I'm hooked on southern cooking. It can't be beat. Don't you love what you grew up eating best of all? Sure, I like a variety of cuisine, but southern style is my standard approach to anything. Fry it. Or cook it with butter. And throw some sugar in there, too.
When I saw this new southern cookbook was nearing publication, I knew I had to have it. However, aren't all those recipes covered in other southern cookbooks? Probably. Gabriel's book features standards like cheese straws, toasted pecans, she-crab soup, barbecued pork ribs, grits, greens, and fried okra. And then the desserts? The proverbial red velvet cake is there, but the photo shows her cake to be a bright cherry red, rather than the deep red, almost a velvety burgundy that I associate with authentic red velvet cake. I'll compare her recipe to others I have and see how it differs.
She features many salads, and that's something Ian was bummed about: "Why so many salads," he said after browsing through the book.

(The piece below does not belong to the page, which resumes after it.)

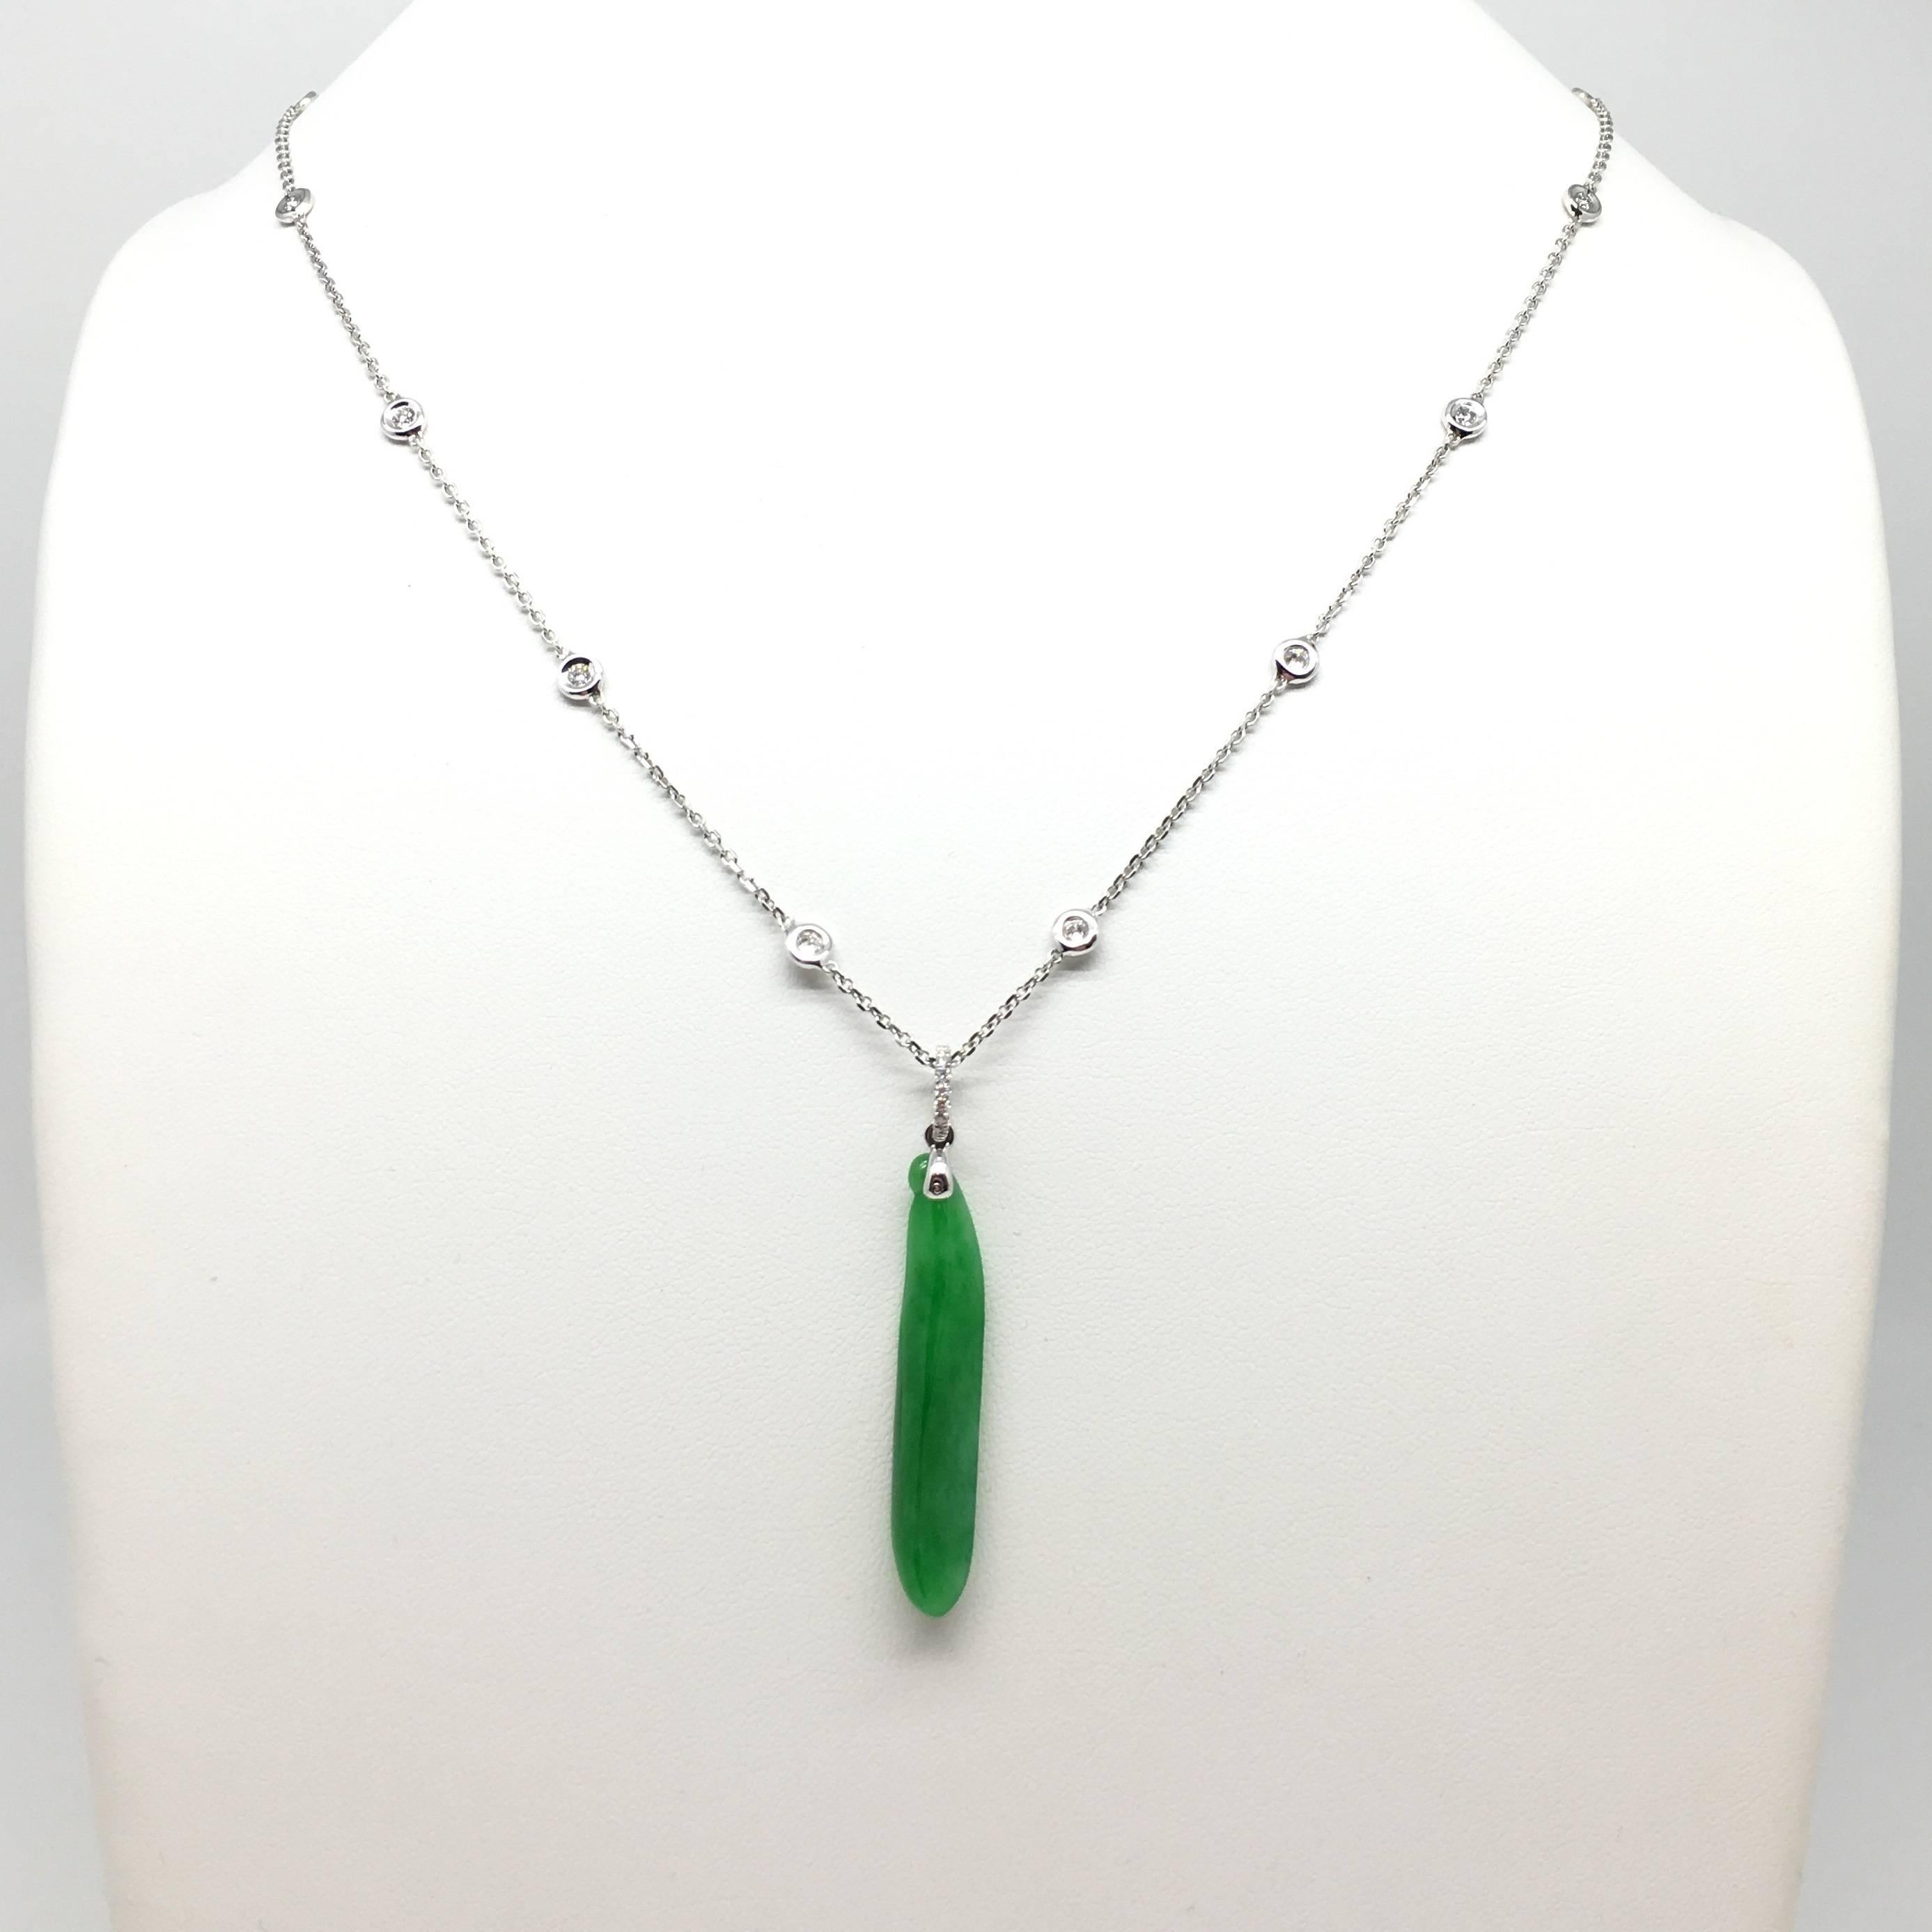 Natural Jadeite, is known as 'heavenly' and 'imperial' in the Chinese culture. Different shapes have different morals behind their carvings. Chinese people believed Jadeite brings good luck, good health or protection to the wearer.

This 9.76 carat

I've gotten him in that habit, too. I leave new cookbooks out on our gathering table and he pages through them while waiting on something to cook. He does most of the cooking these days with me being so round and big and tired.
Besides typical salads you expect from a southern cookbook (macaroni, tuna, chicken), she offers something called Sumi salad, which is an asian-slaw inspired concotion. Her leafy lettucy salads almost all include fresh fruit, which is nice.
Two pound cakes caught my eye immediately: Coconut Pound Cake and Peanut Butter Pound Cake. It's safe, maybe considered boring by some, but always a classic standard, and pound cake is probably my favorite cake....or is it red velvet? Naturally I couldn't wait to see the dessert section. Again, lots of great standards. Ian noticed the lack of a peanut butter pie recipe. And that is a travesty. But what to do?
Anyway, I needed to bake cookies for an event on Saturday and thought about making my standard gingersnap cookie recipe that I've used for 15 years or more. Gabriel has a soft ginger cookie recipe that I decided to try instead.
Boy, was I glad I did that. I cannot stop eating them. Sopping them in milk, or falling-apart-hot off the cookie sheet straight from the oven. They're delicious. And soft. My gingersnaps... well, they're snappy and crisp. But these ginger cookies stay chewy and moist.
Perhaps the difference is butter. My gingersnap recipe calls for shortening. And Gabriel's calls for either. Butter is always better, right? That's what I did. The cooking time may have something to do with it also, just 10 minutes in the oven. Whereas, if memory serves, my gingersnaps remain in there about 15 minutes or so.
As pleased as I am with the success of my soft ginger cookies, you can bet that I'll try more of her recipes.